I want to set up a watchdog that checks whether the io_context workers can pick up tasks within a reasonable time and are not stuck running long or blocking operations.
To achieve this, I've implemented a check that verifies the io_context queue is functioning properly by scheduling a task every 30 seconds. This task simply sets a flag to true so we can confirm that the queue is still responsive.
using PeriodicTask = BasicScheduledTask<boost::asio::steady_timer, true>;
std::shared_ptr<PeriodicTask> io_context_alive_task_ = std::make_shared<PeriodicTask>
(io_context_,
[this](const auto& ec) {
if (ec) {
print_error("Could not report io_context as alive: {}", ec.message());
return;
}
print_debug("Marking io_context as alive");
is_context_alive_ = true;
}, 30s));
The watchdog runs in its own independent thread outside io_context and checks every 2 minutes whether the flag has been set to true.

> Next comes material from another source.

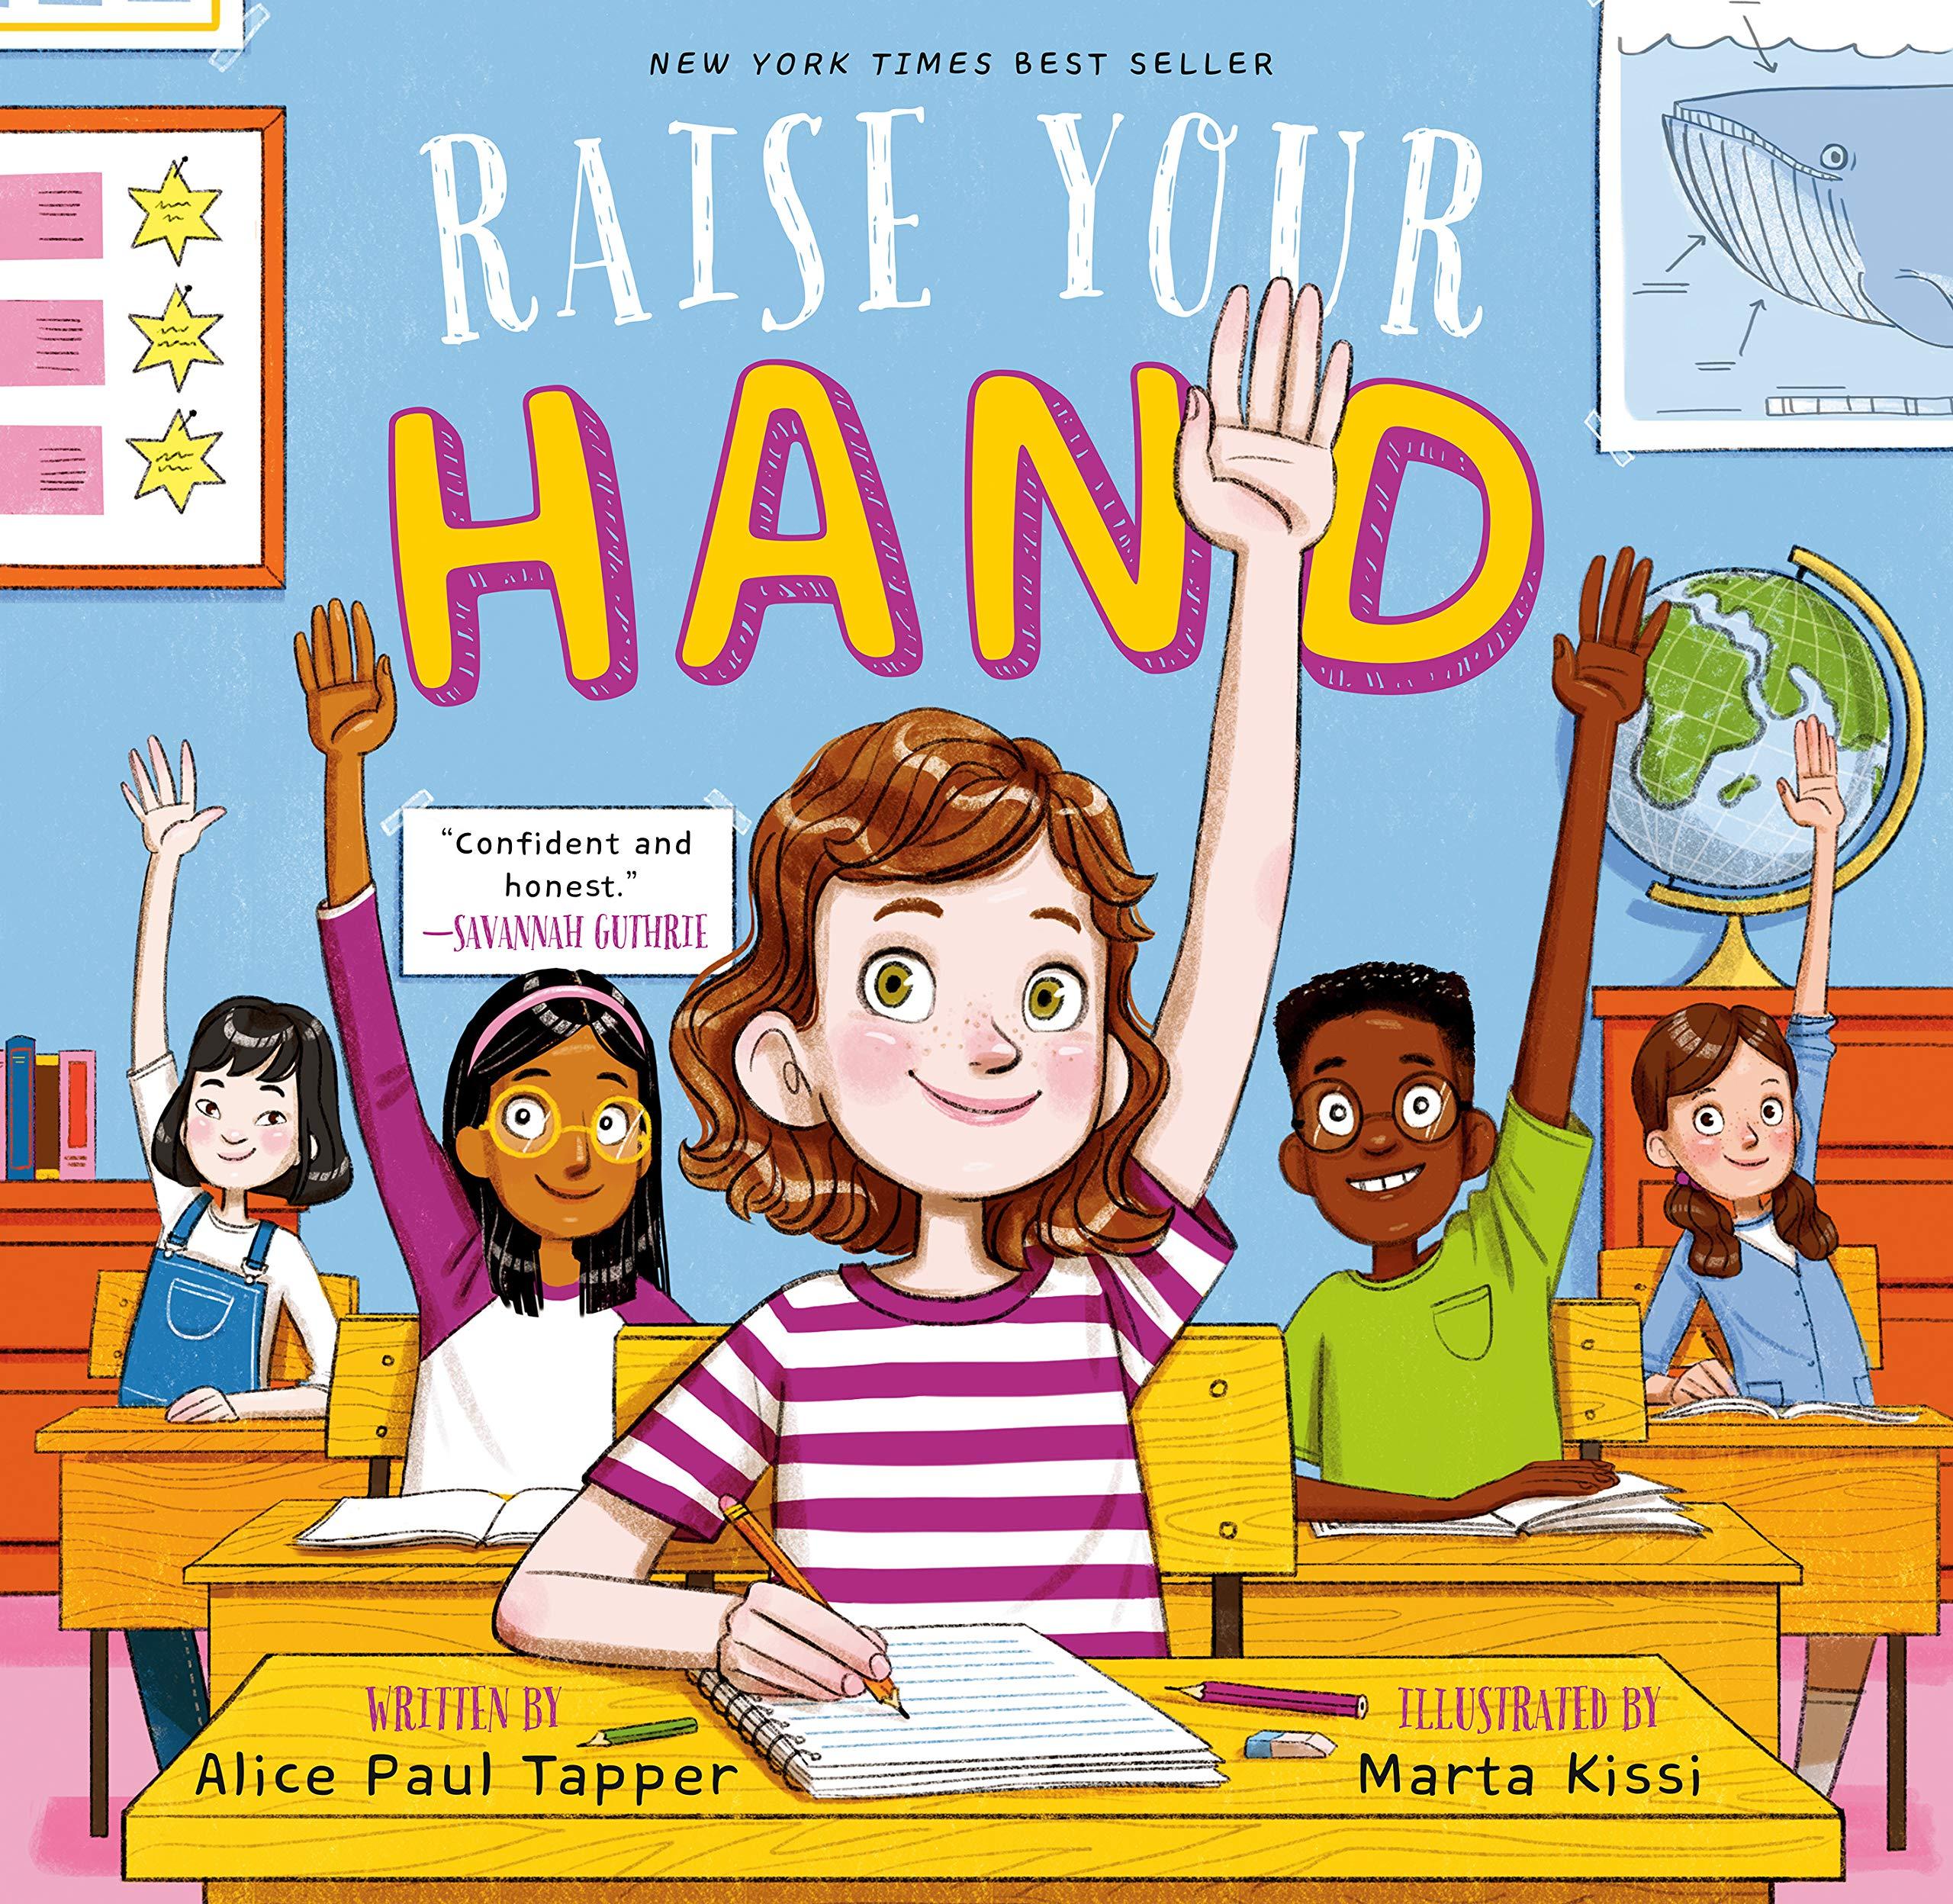 Raise Your Hand: Alice Paul Tapper, Marta Kissi.
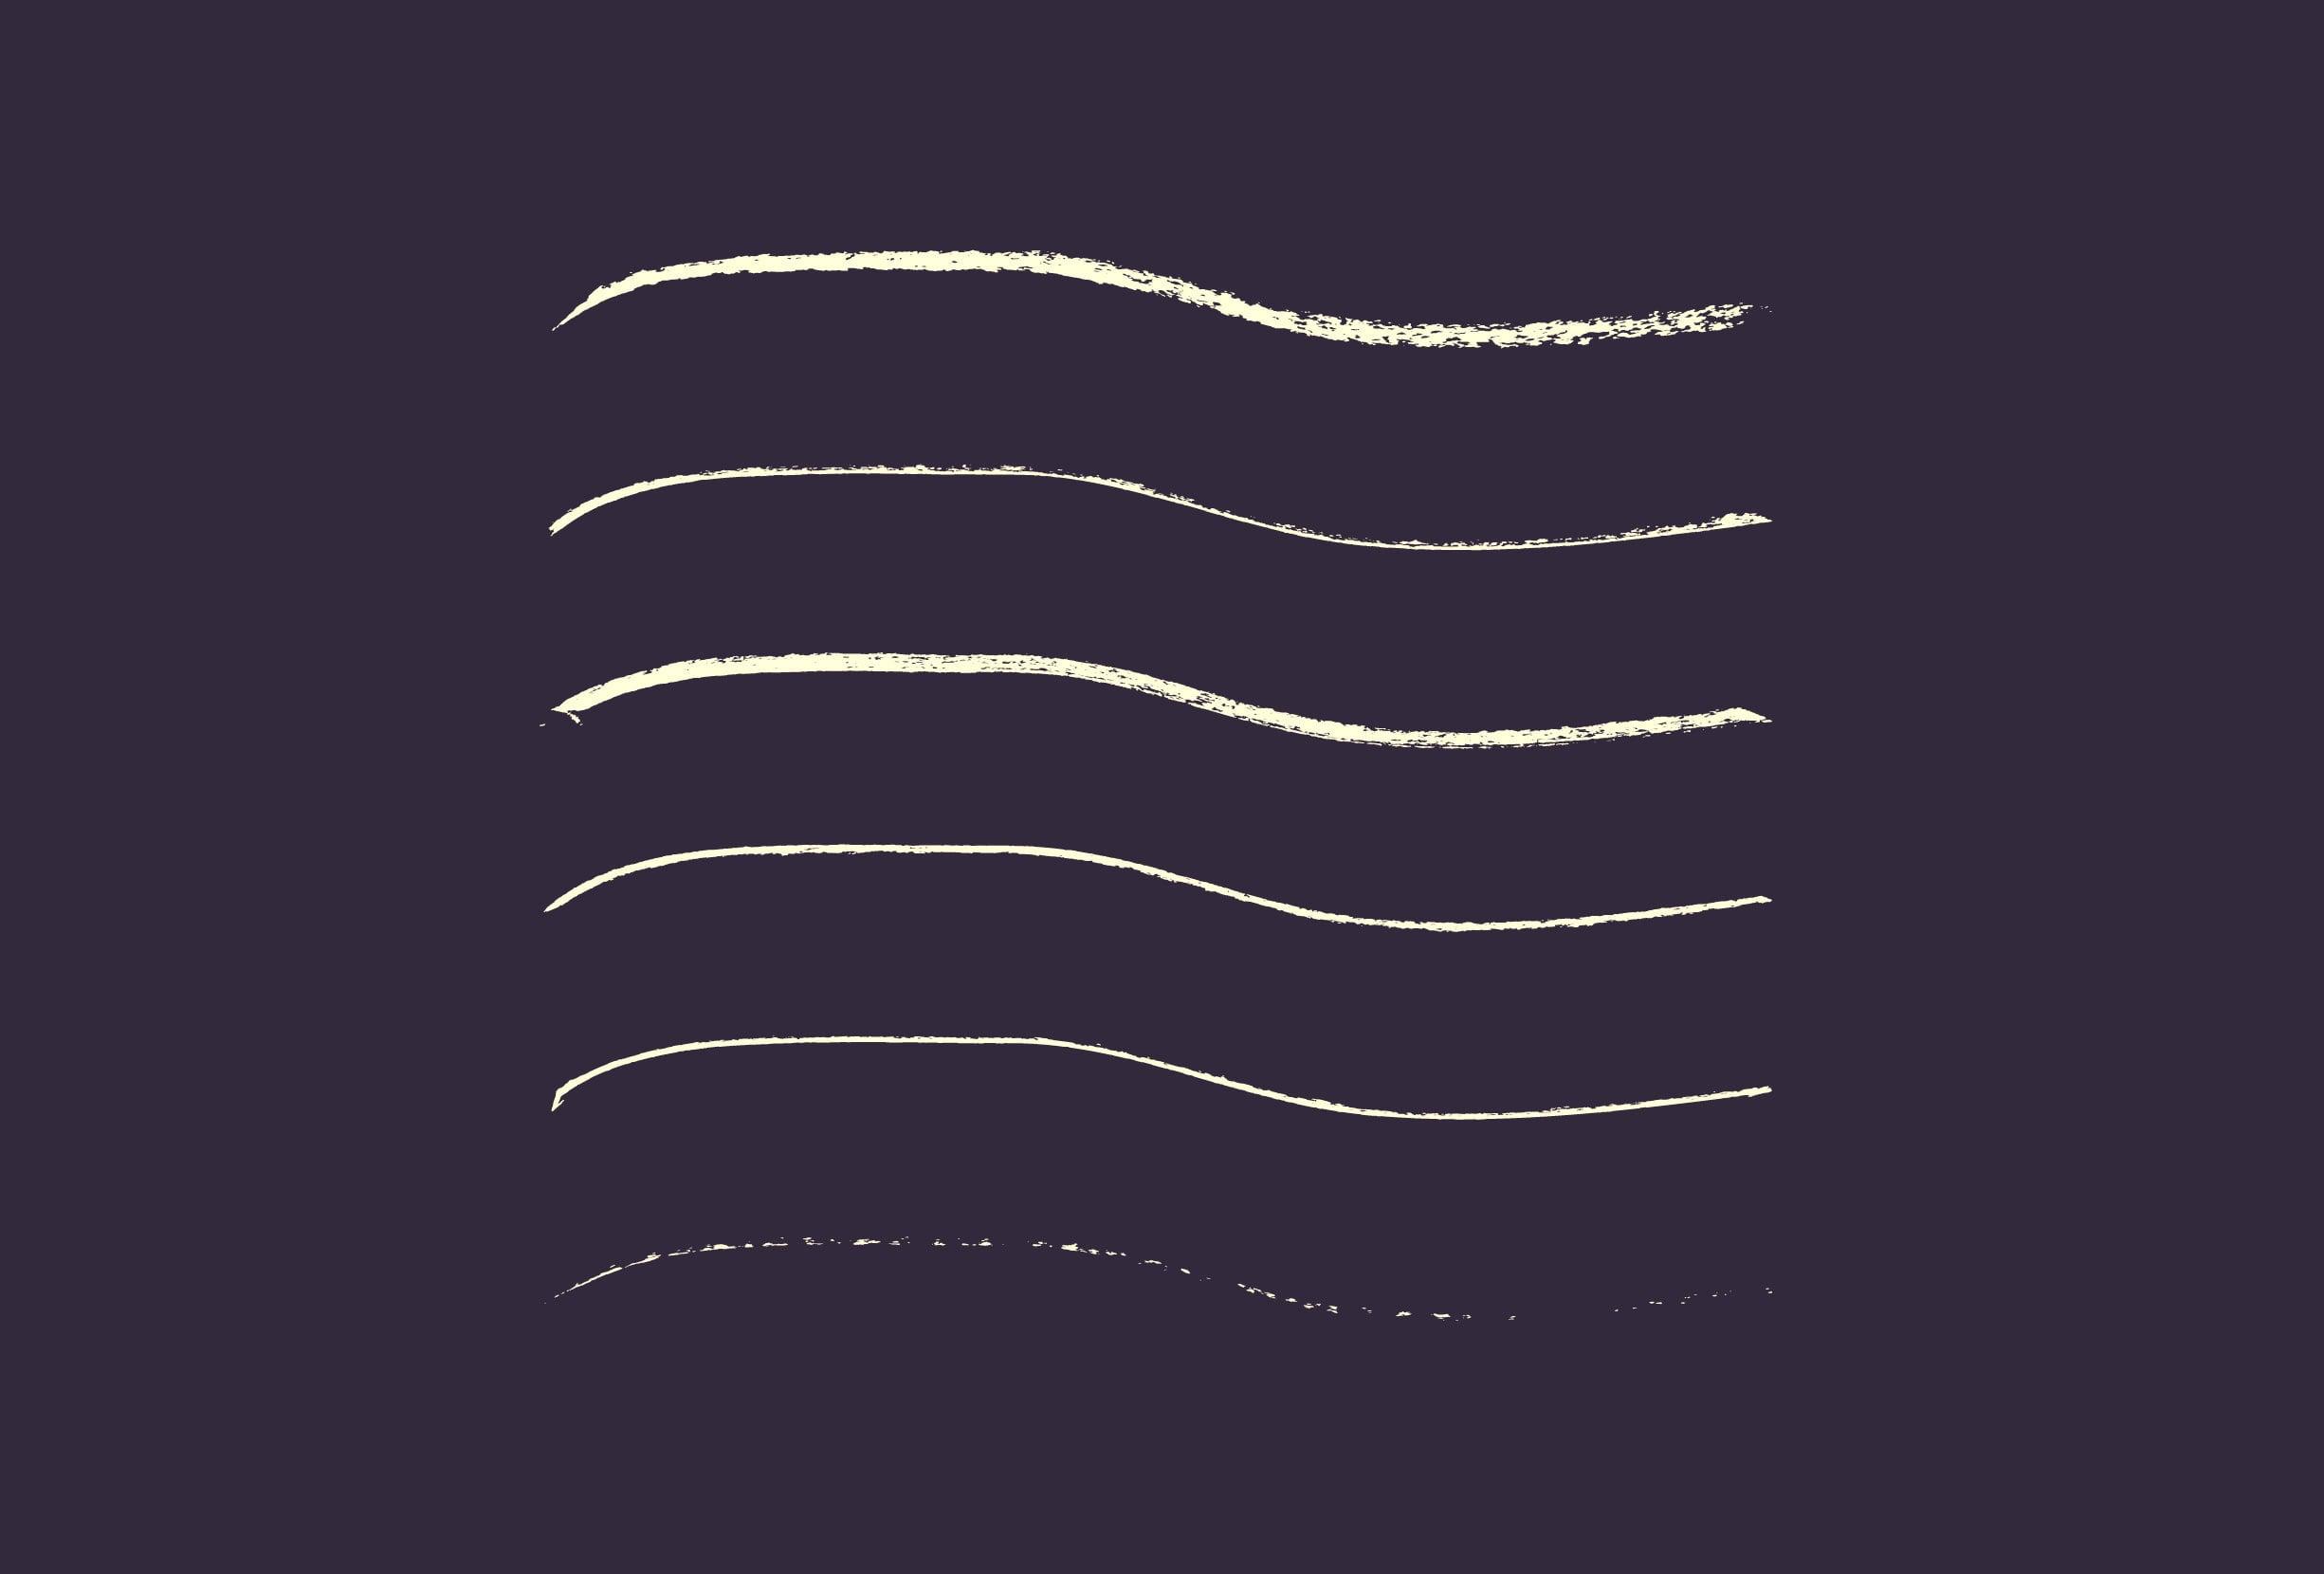 30 Best Line Art Illustrator Brushes (Wax Crayons) - brushes presentation 4 0

std::unique_ptr<std::thread> context_watchdog_ = std::make_unique<std::thread>([this] {
while (!io_context_.stopped()) {
io_context_alive_cv_.wait_for(lock, 2min, [this] { return io_context_.stopped(); });
if (!is_context_alive_) {
print_critical("io_context is not responding");
std::abort();
}
print_debug("io_context is ok, setting back to false");
is_context_alive_ = false;
}
print_debug("io_context stopped. stopping thread");
});
I've notice that I get some false alarms when the system wakes from sleep.
This happens since the 30 second periodic task that marks the context as alive does not run for more than 2 minutes. As a result, the watchdog assumes the io_context is unresponsive and attempts to abort the service.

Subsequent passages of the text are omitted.